Vernice brought along some of her purchases for members to see and we thank her for sharing her exciting experience with us.
Thank you for sharing some of your slides, Vernice.
Report and photos by Ros
Vernice made celebratory flags, Chris patched machine stitching together Margaret, Ann and Susanne stitched the Prospect project, Susan hand stitched and Clare printed poetry.
What a hive of activity!
Text thanks to Clare and photos thanks to Vernice
Congratulations from us all, Lindsay!
On Sunday at the Fashion and Embroidery Show at the NEC, branch member Lindsay S was the Visitors' Choice winner in the 2019 Madeira competition.
This year the challenge was entitled GLIMPSES OF ROYALTY and entrants were asked to create a rich embroidered piece inspired by royals throughout history – they could choose to capture Harry and Meghan’s romance, the grandeur of Queen Elizabeth, or even a Pharaoh of Ancient Egypt! With thousands of years of history to explore, there was a great choice and a wonderful selection of prizes to be won. It was supported by Stitch magazine with the Embroiderers’ Guild.
On behalf of all M&DEG members, congratulations Lindsay. You, and your work are amazing and a great inspiration to us all.
Nikki VW and Linda W also entered this competition and below is an image of Nikki's crown using recycled materials.
Thanks to Ann K and Nikki VW for photos
Very few of our speakers have had such a prestigious CV as Karen Nicol. Karen’s mother was a keen flower arranger and she was brought up with flowers everywhere. Flowers, animals and birds can be seen in the majority of Karen’s work.
Karen gained a 1st class BA at the Manchester College of Art and then went on to the Royal College of Art where she studied textiles. For many years she taught at the Royal College of Art and has been visiting speaker and artist in residence all over the world.
Karen kindly bought a wonderful selection of her work for us to look at.
Karen then went on to show us images of her work. A large number of them included animals, birds or flowers and ranged from dresses to bedding, table linen and even large animal rugs. She mentioned working for designers like Alexander McQueen, Jasper Conran, Givenchy, Betty Jackson and John Rocha. In time Karen decided to expand her horizons and exhibit and accept commissions under her own name. She started with an exhibition in London and one in Italy with the theme of lace skirts but has subsequently exhibited all over the world. In 2015 Karen was awarded the Royal Designer for Industry.

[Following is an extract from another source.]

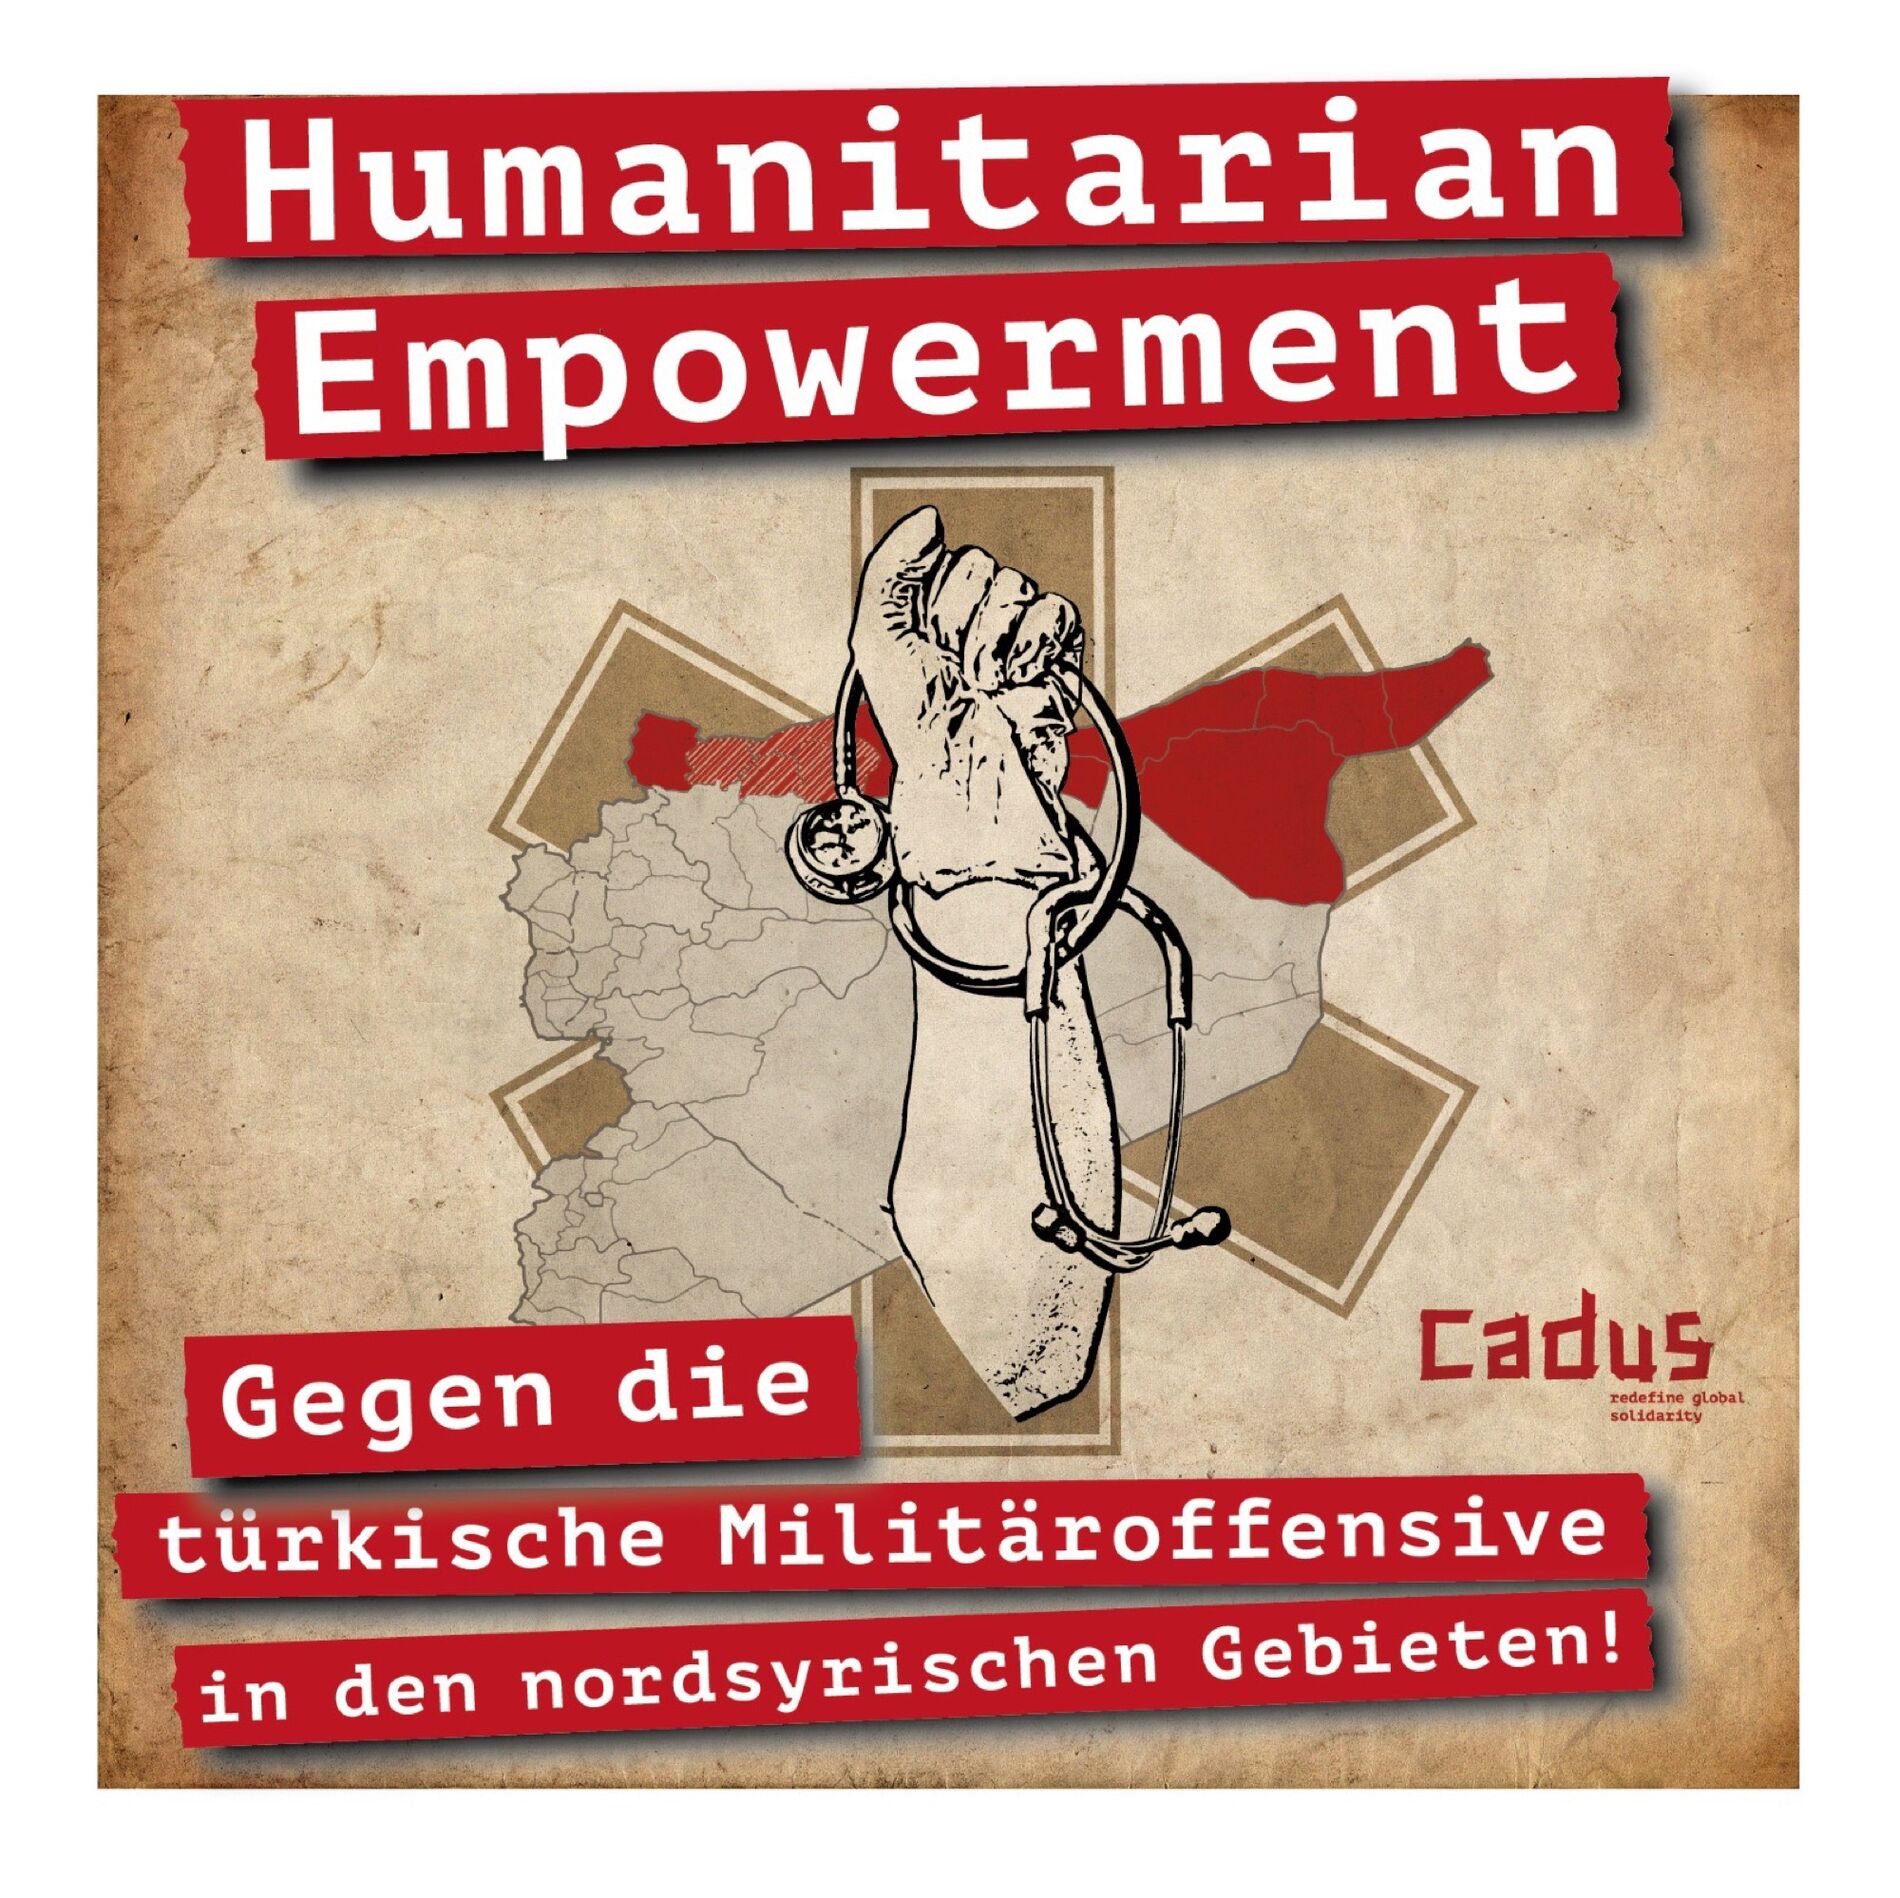 Humanitarian Empowerment - Gegen die türkische Militäroffensive in den nordsyrischen Gebieten!

To our amusement Karen told us that her favourite machine was a 47 year old Singer. She sources a lot of her materials from car boot sales and jumble sales and is always experimenting with unusual materials.
This was a truly inspirational talk which opened up a world I knew little about.
Apologies to Karen for the quality of some of these images which were taken from her presentation. I now know how to adjust the brightness on the projector!
Photos and report by Ros
A group of young embroiderers, under the guidance of Guild member Christine Hill, created beautiful hand stitched and decorated needle cases.
Thank you Christine for the photo.
For the record, the February 2019 main meeting was cancelled due to snow.
On her table Judy showed us many variations of the "covered box". So many sizes, shapes, functions and colours. She set the bar high and certainly gave us all so much to strive for.
Judy gave us lots of instruction (collective and individual) and encouragement and slowly box construction progressed. Some boxes were almost complete by the close of play.
It was a thoroughly informative and enjoyable day. Well done and thank you Judy.
Report and photos by Linda W
Thank you Linda, Ros.
David Birks from Trowbridge Museum started the new year off with his talk entitled “1000 years of Warp and Weft”. He is the Learning and Outreach Officer for the museum which is closed for redevelopment until August 2020.
David started his talk by asking why the area of West Wiltshire (Trowbridge, Westbury and Bradford on Avon) was so important to the wool trade. We had downland for the sheep, rivers to wash the wool and later to power the machinery, and a good supply of Fullers Earth clay which was important in the finishing of cloth. Initially it was a local trade whereby white woollen cloth was woven and dyed and also raw wool was exported to Europe.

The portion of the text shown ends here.